### Your assignment:
Line by line, repeat the data below exactly, beginning at the first line and ending at the line with "Prescot town centre, 11am". Omit pictures.

### Input:
'''

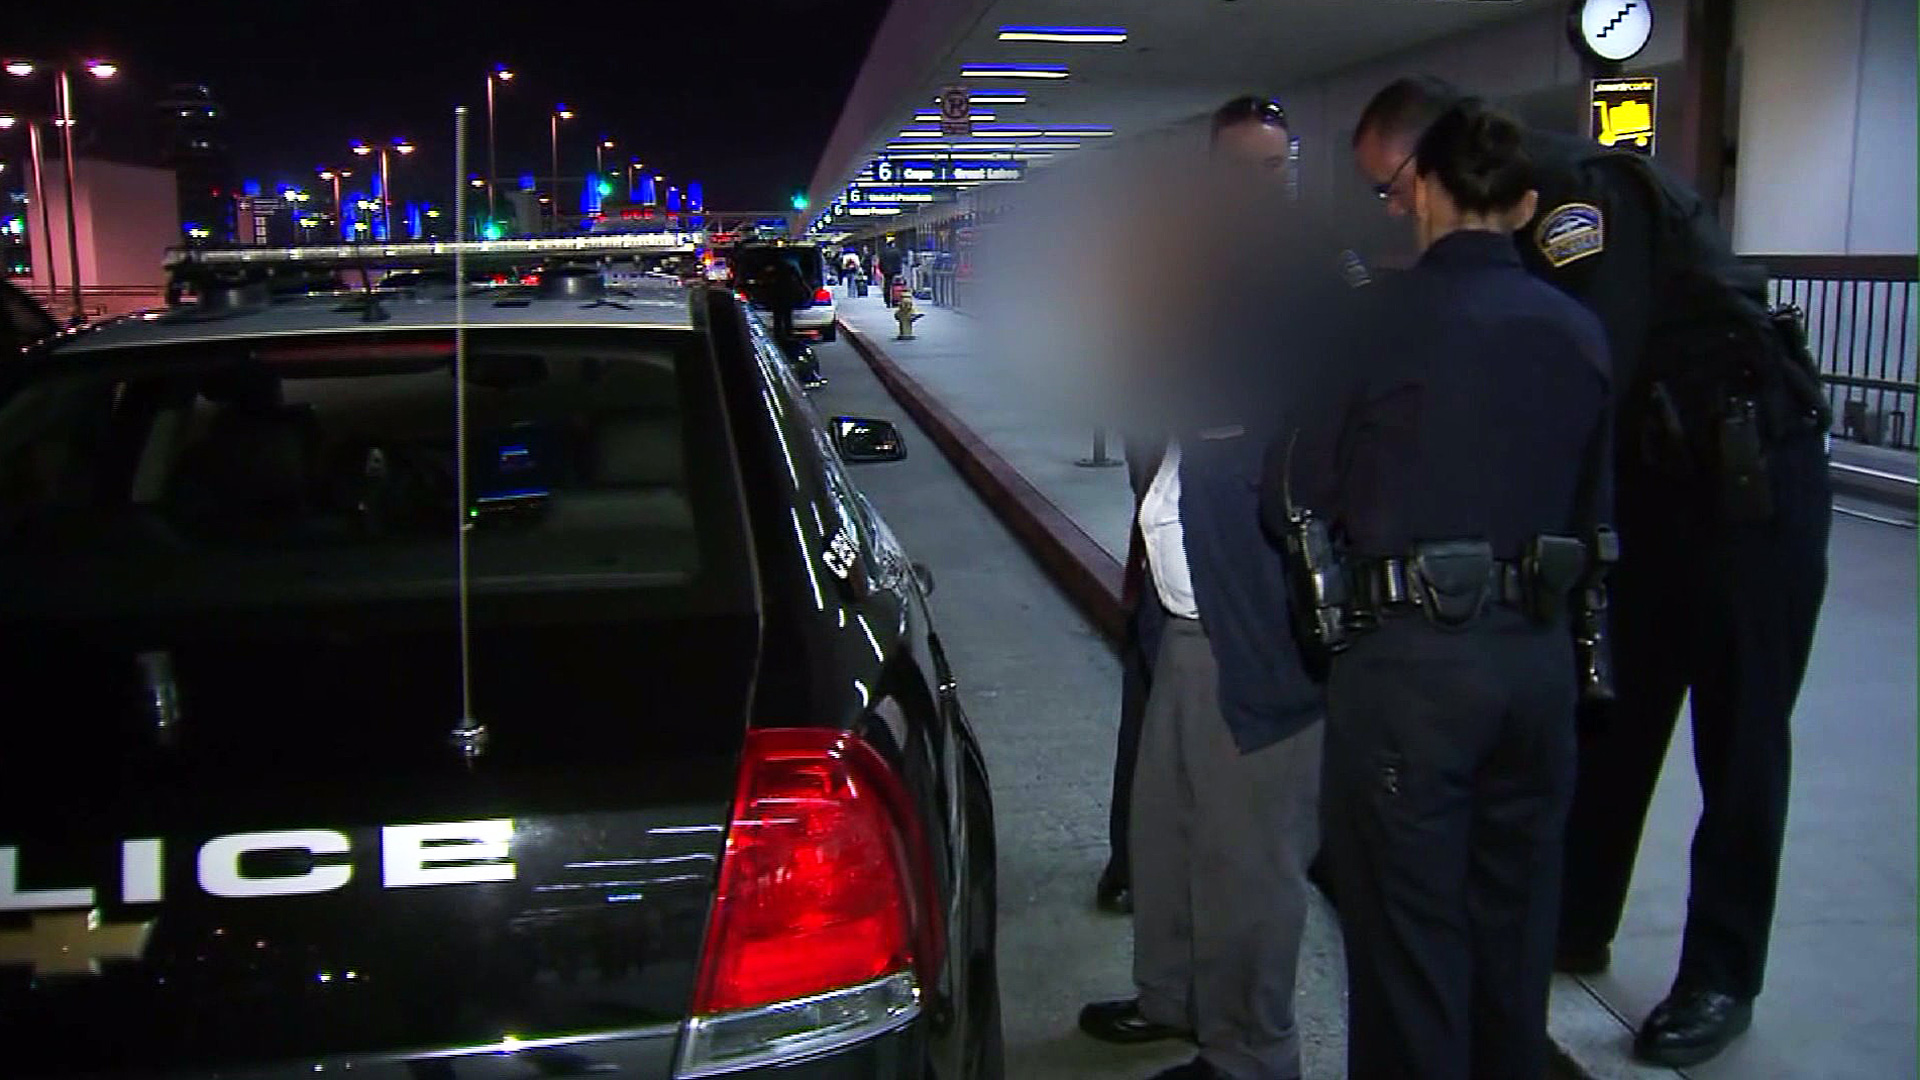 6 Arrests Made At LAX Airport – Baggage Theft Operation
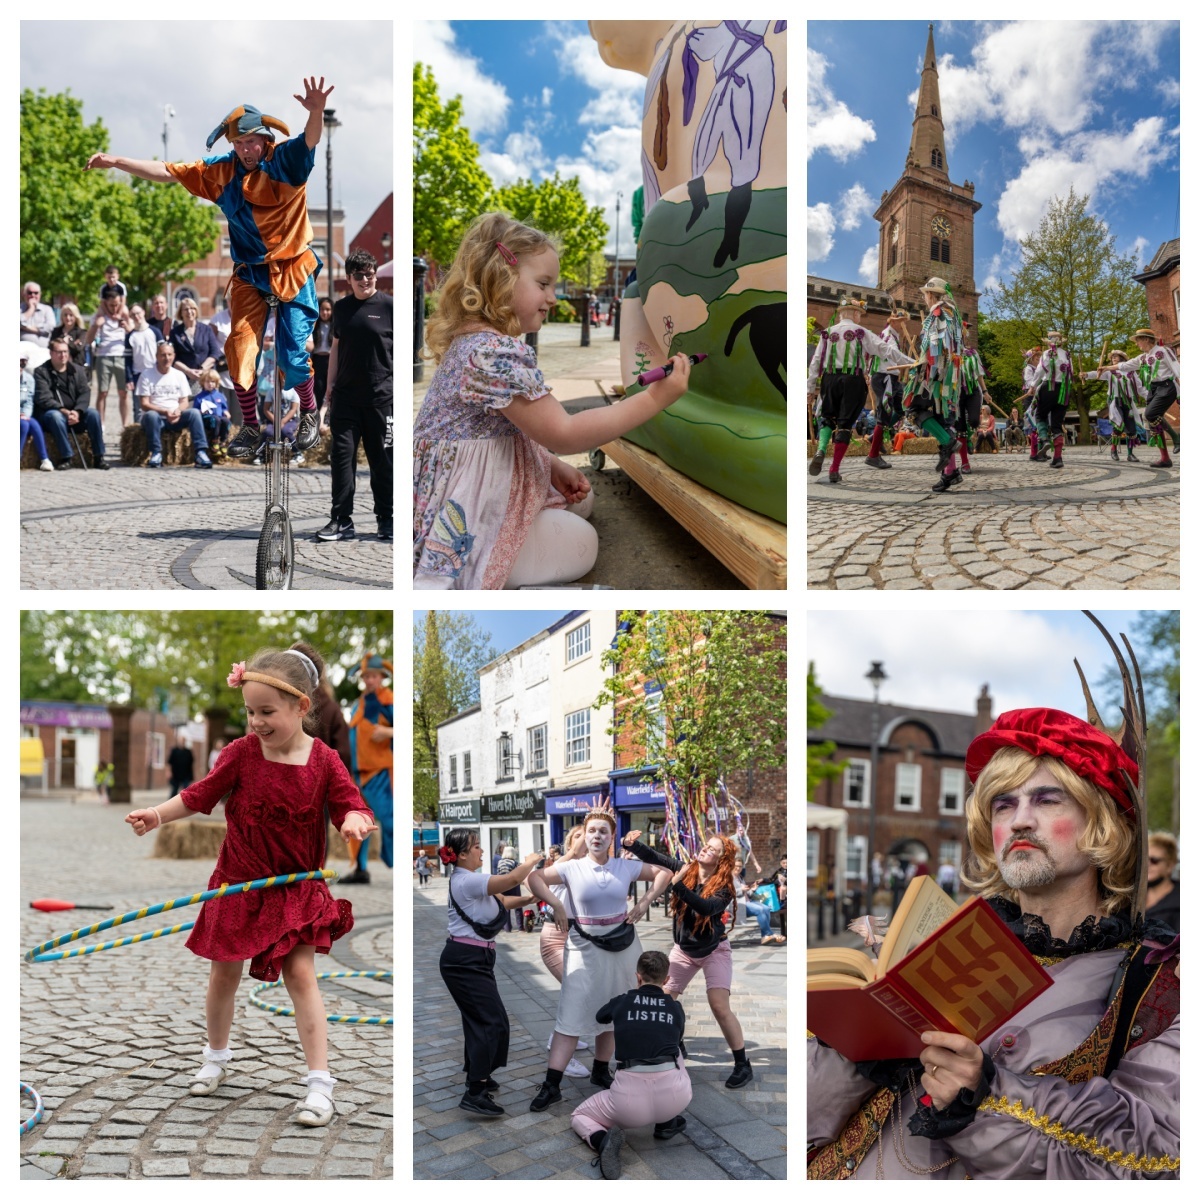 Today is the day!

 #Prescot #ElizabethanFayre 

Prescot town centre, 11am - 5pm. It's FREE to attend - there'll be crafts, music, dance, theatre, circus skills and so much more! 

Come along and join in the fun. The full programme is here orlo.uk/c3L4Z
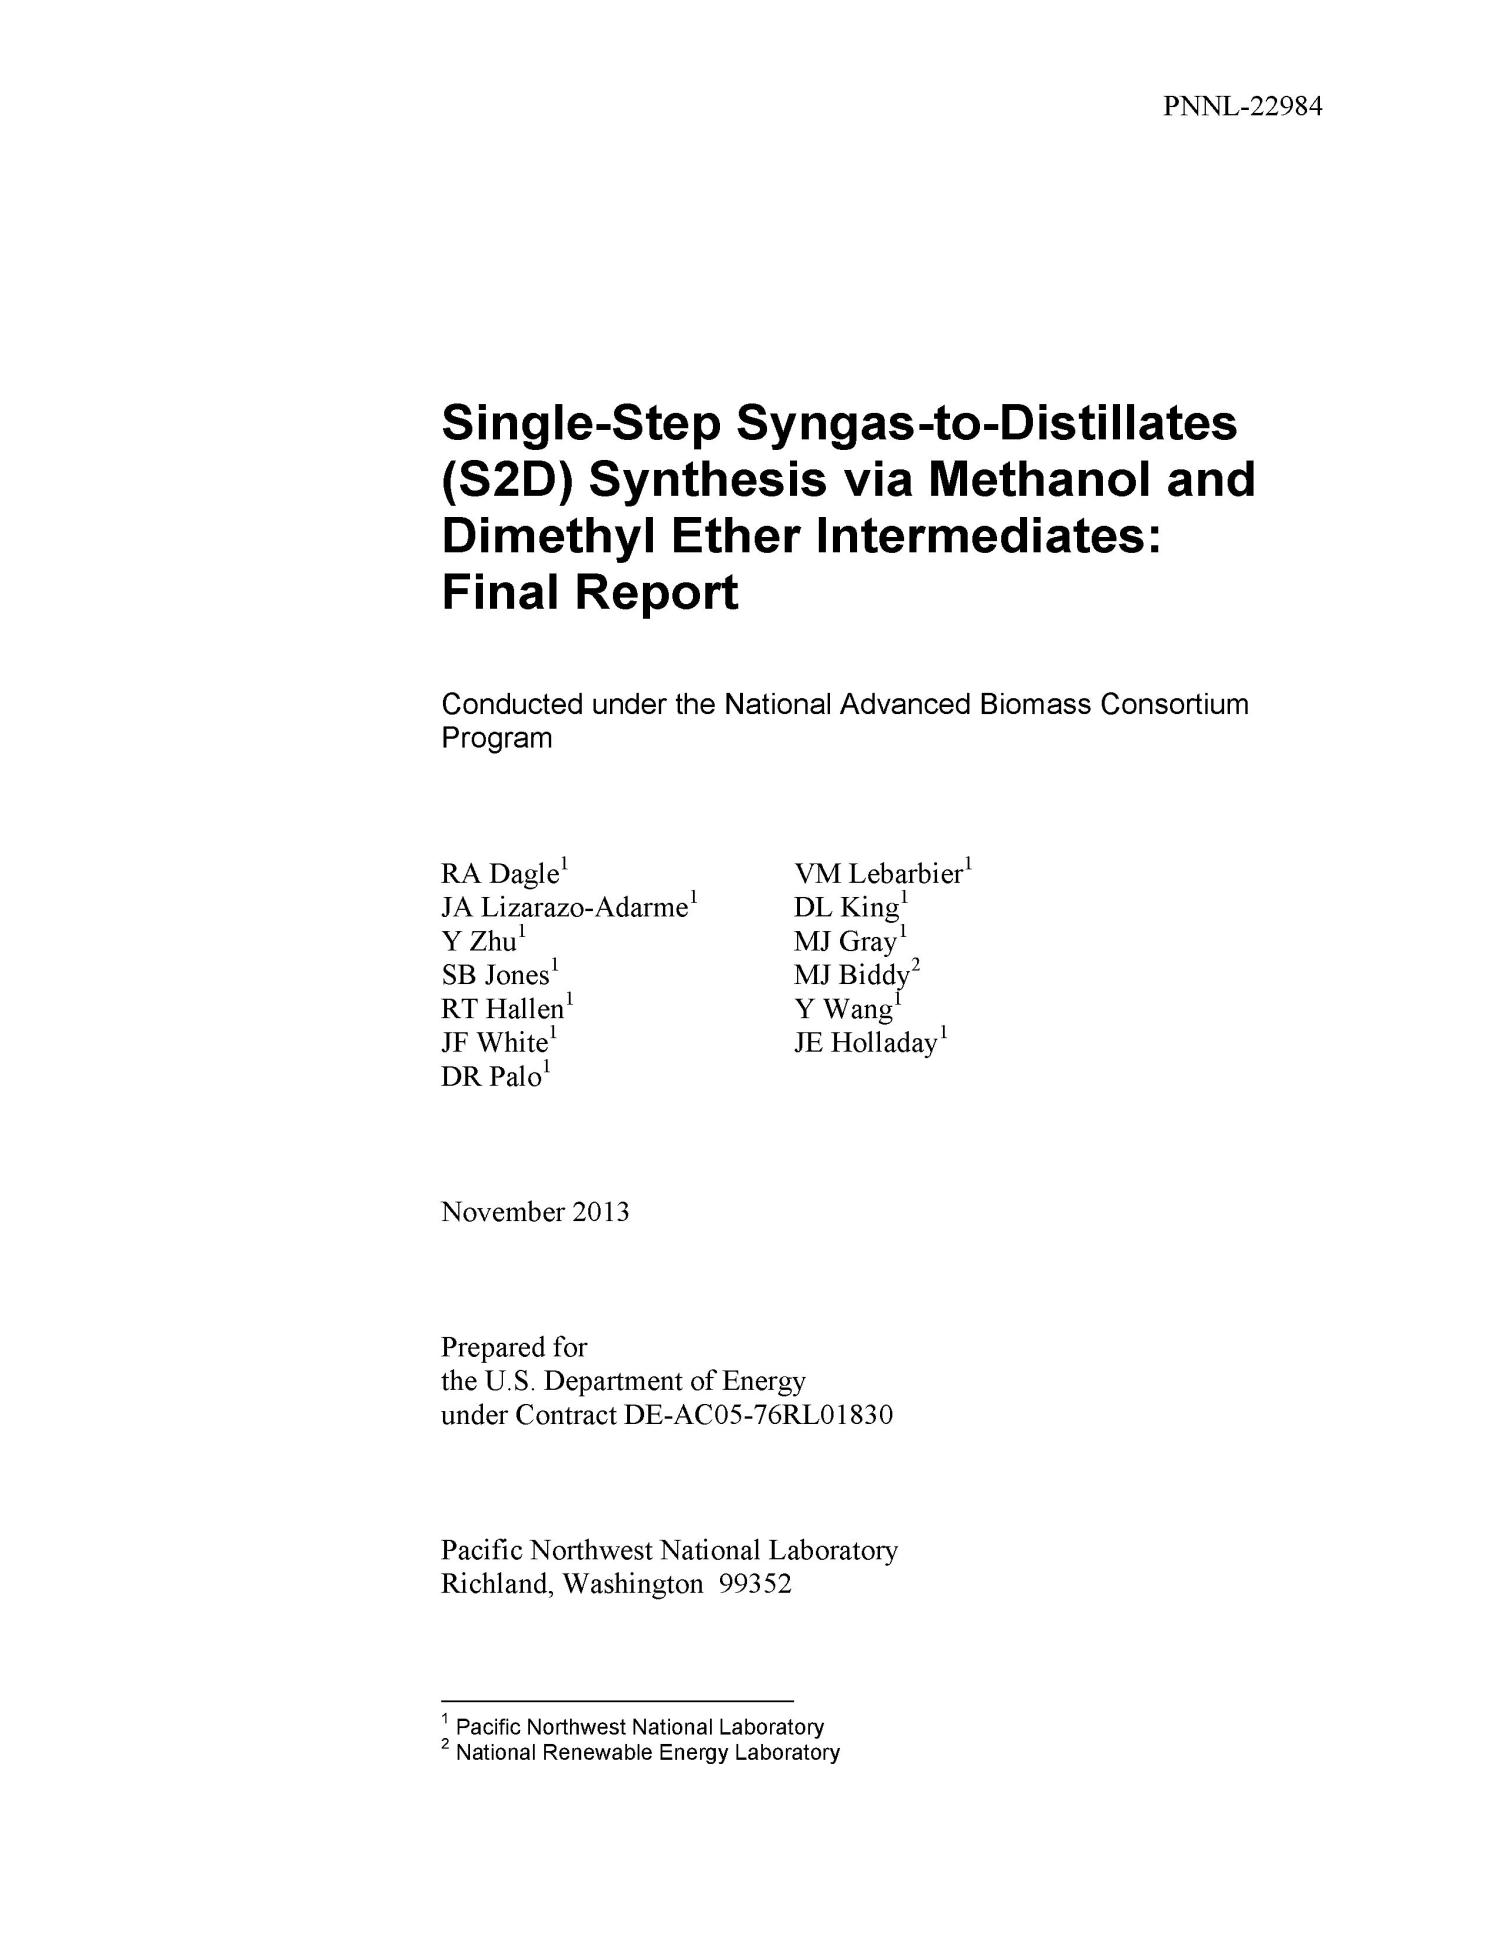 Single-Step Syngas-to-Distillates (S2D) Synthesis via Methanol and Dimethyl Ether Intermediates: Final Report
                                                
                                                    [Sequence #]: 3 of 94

'''

### Written reply:
 6 Arrests Made At LAX Airport – Baggage Theft Operation
 Today is the day!

 #Prescot #ElizabethanFayre 

Prescot town centre, 11am - 5pm. It's FREE to attend - there'll be crafts, music, dance, theatre, circus skills and so much more! 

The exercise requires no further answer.